Start of Exercise data
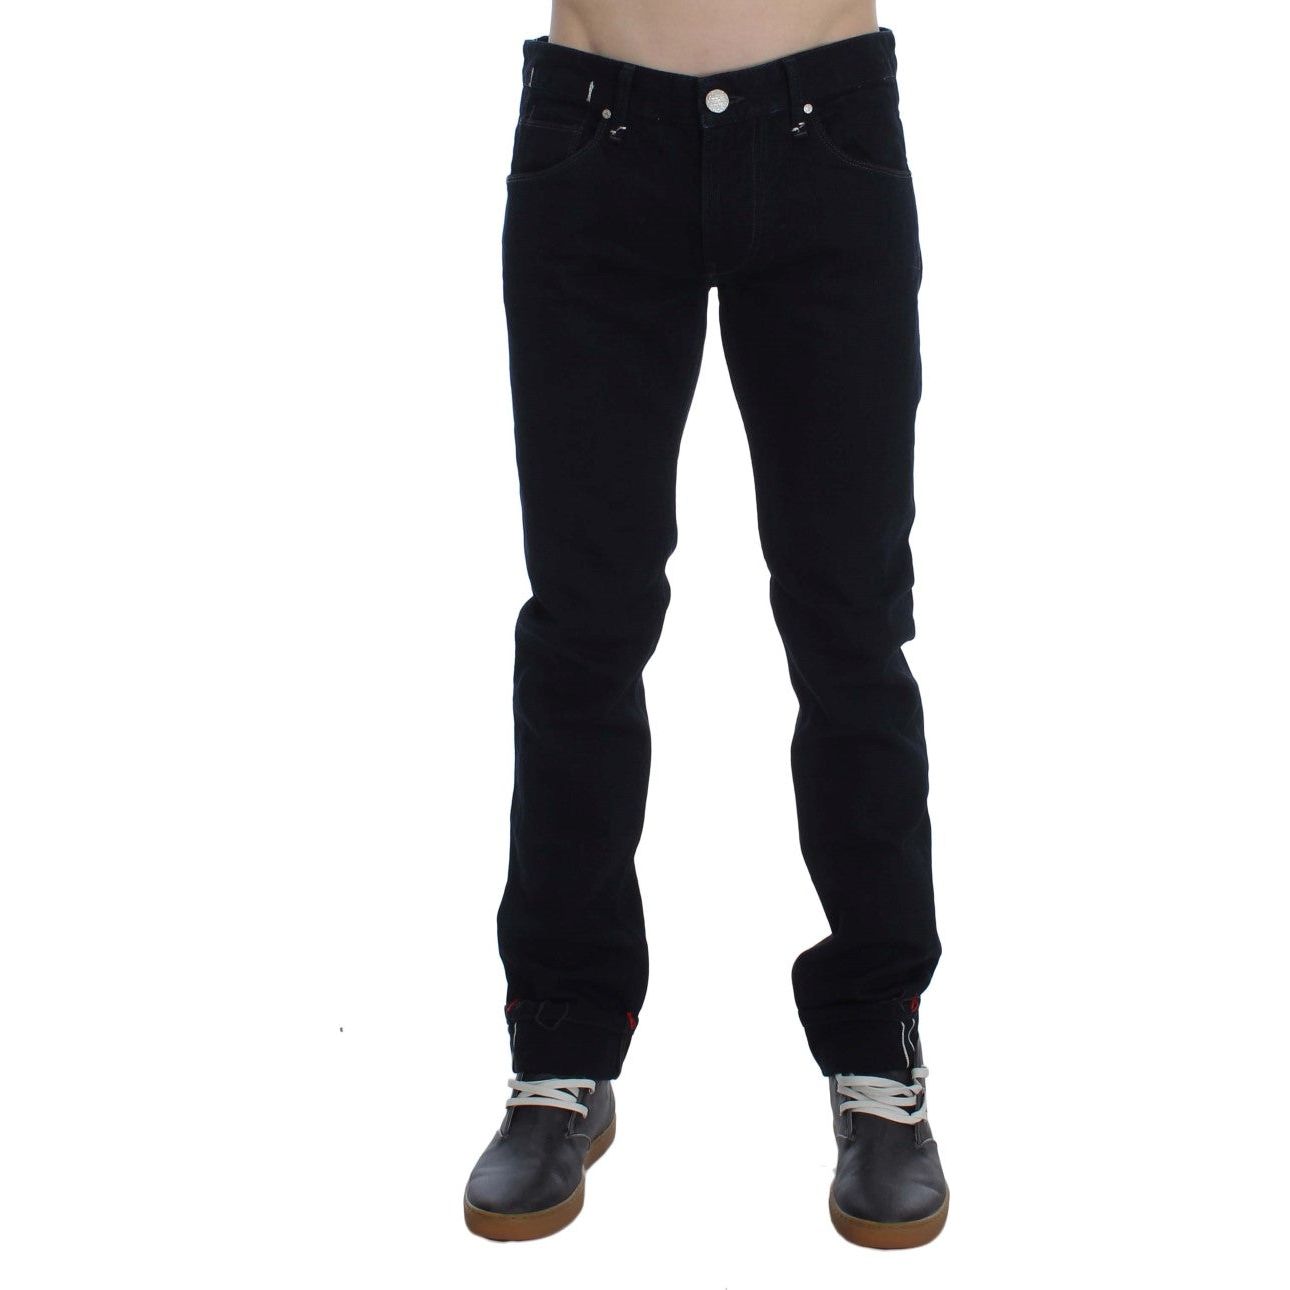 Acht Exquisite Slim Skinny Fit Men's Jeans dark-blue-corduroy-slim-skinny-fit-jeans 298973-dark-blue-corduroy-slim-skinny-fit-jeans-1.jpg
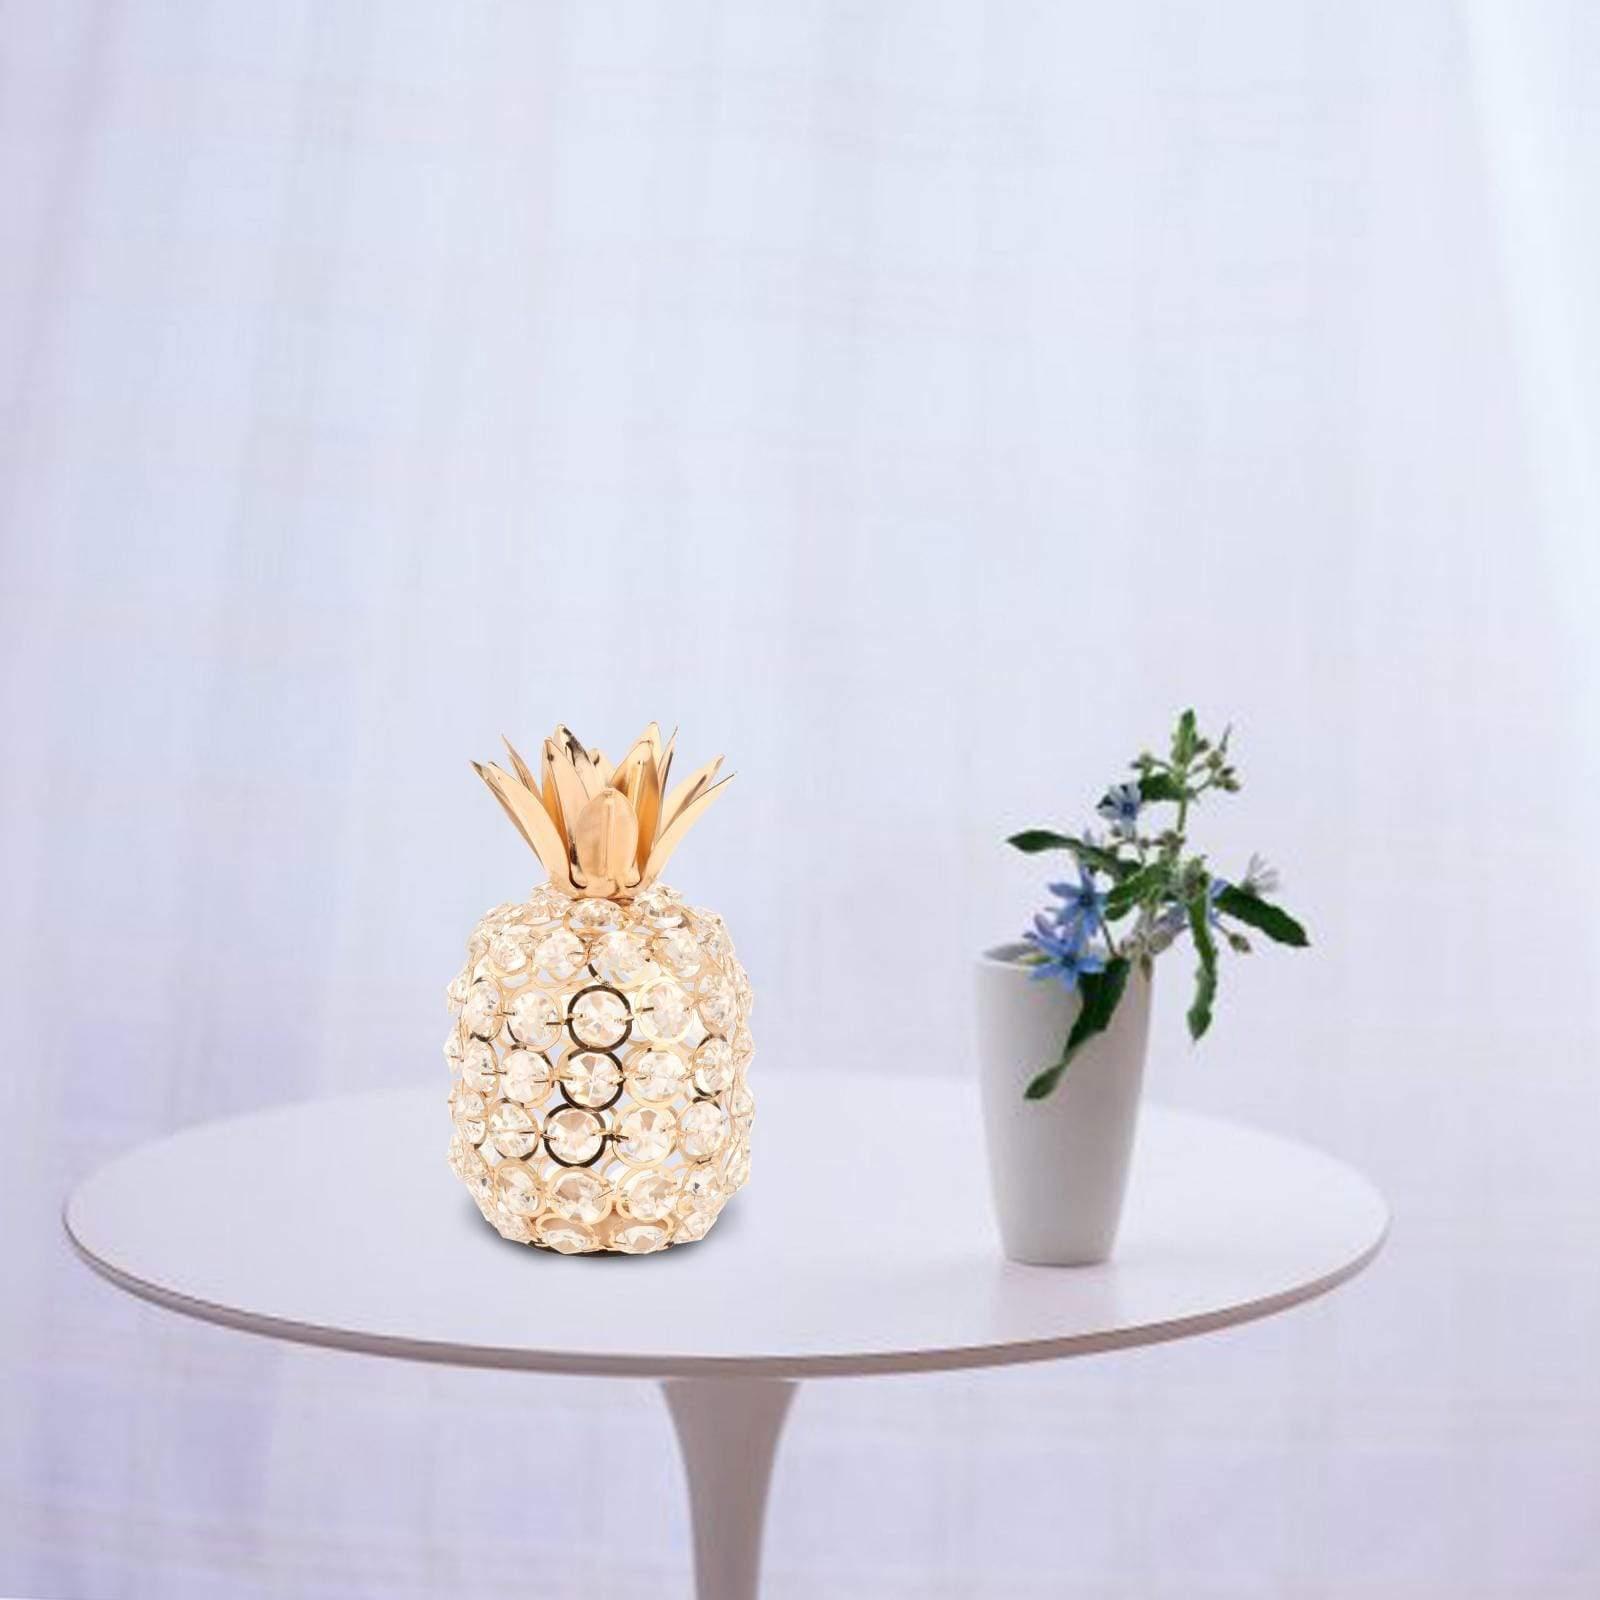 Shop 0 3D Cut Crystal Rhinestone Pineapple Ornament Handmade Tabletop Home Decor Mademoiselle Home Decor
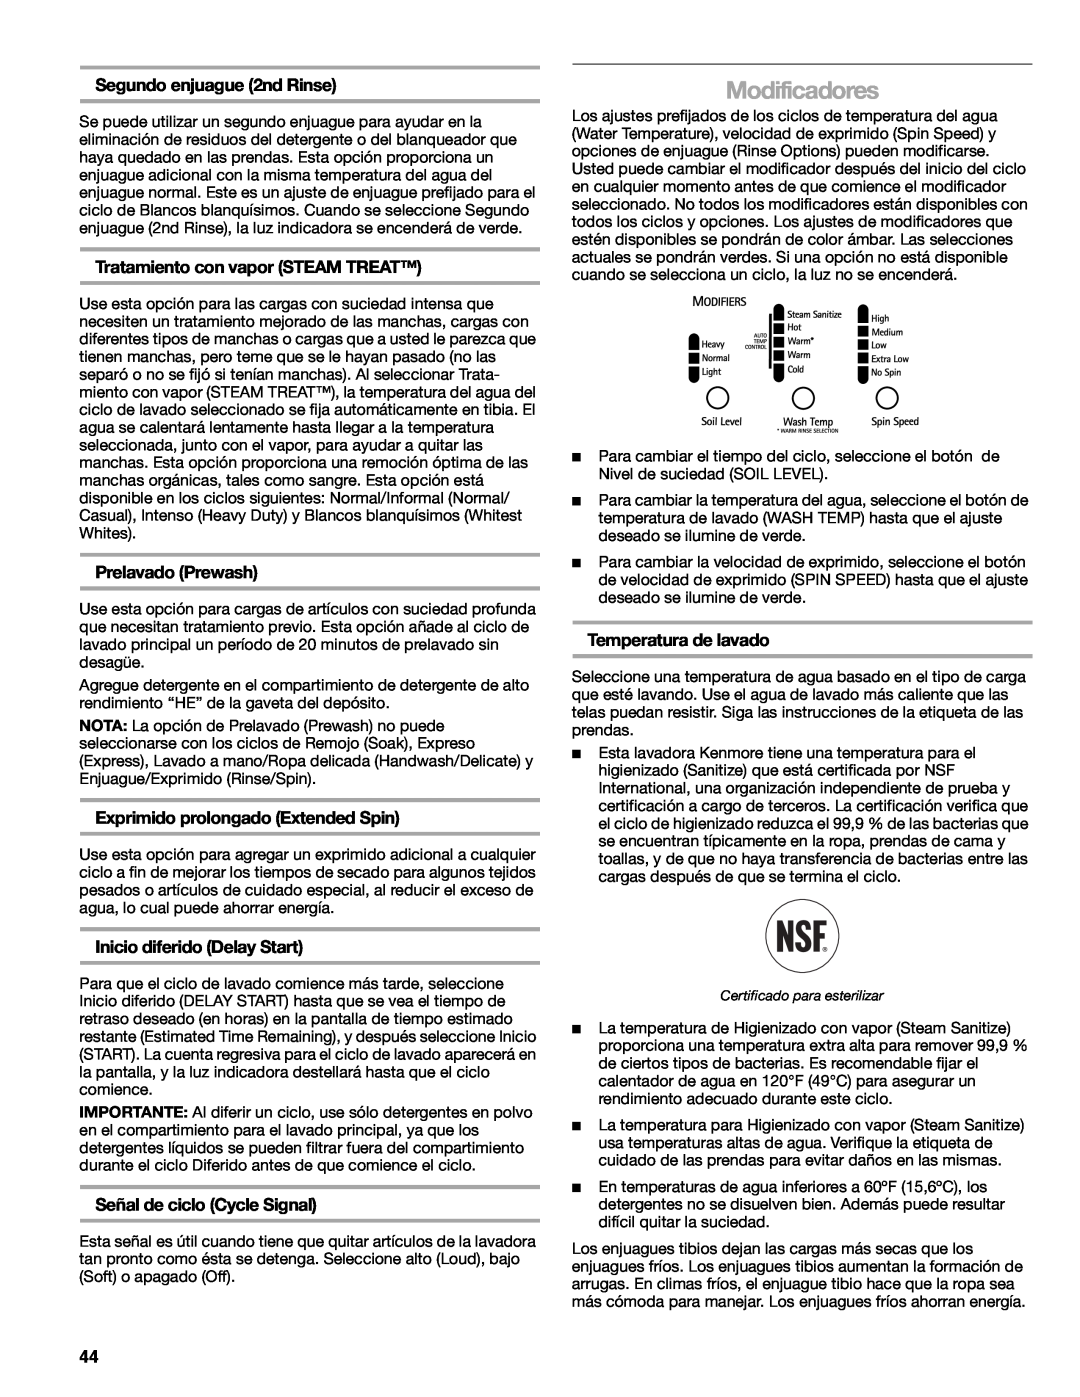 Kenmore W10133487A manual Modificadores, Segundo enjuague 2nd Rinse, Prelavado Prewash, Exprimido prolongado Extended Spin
End of Exercise data
§ Work to complete:
Retype the data above exactly. Do not carry over any images.

§ Answer area:
 Acht Exquisite Slim Skinny Fit Men's Jeans dark-blue-corduroy-slim-skinny-fit-jeans 298973-dark-blue-corduroy-slim-skinny-fit-jeans-1.jpg
 Shop 0 3D Cut Crystal Rhinestone Pineapple Ornament Handmade Tabletop Home Decor Mademoiselle Home Decor
 Kenmore W10133487A manual Modificadores, Segundo enjuague 2nd Rinse, Prelavado Prewash, Exprimido prolongado Extended Spin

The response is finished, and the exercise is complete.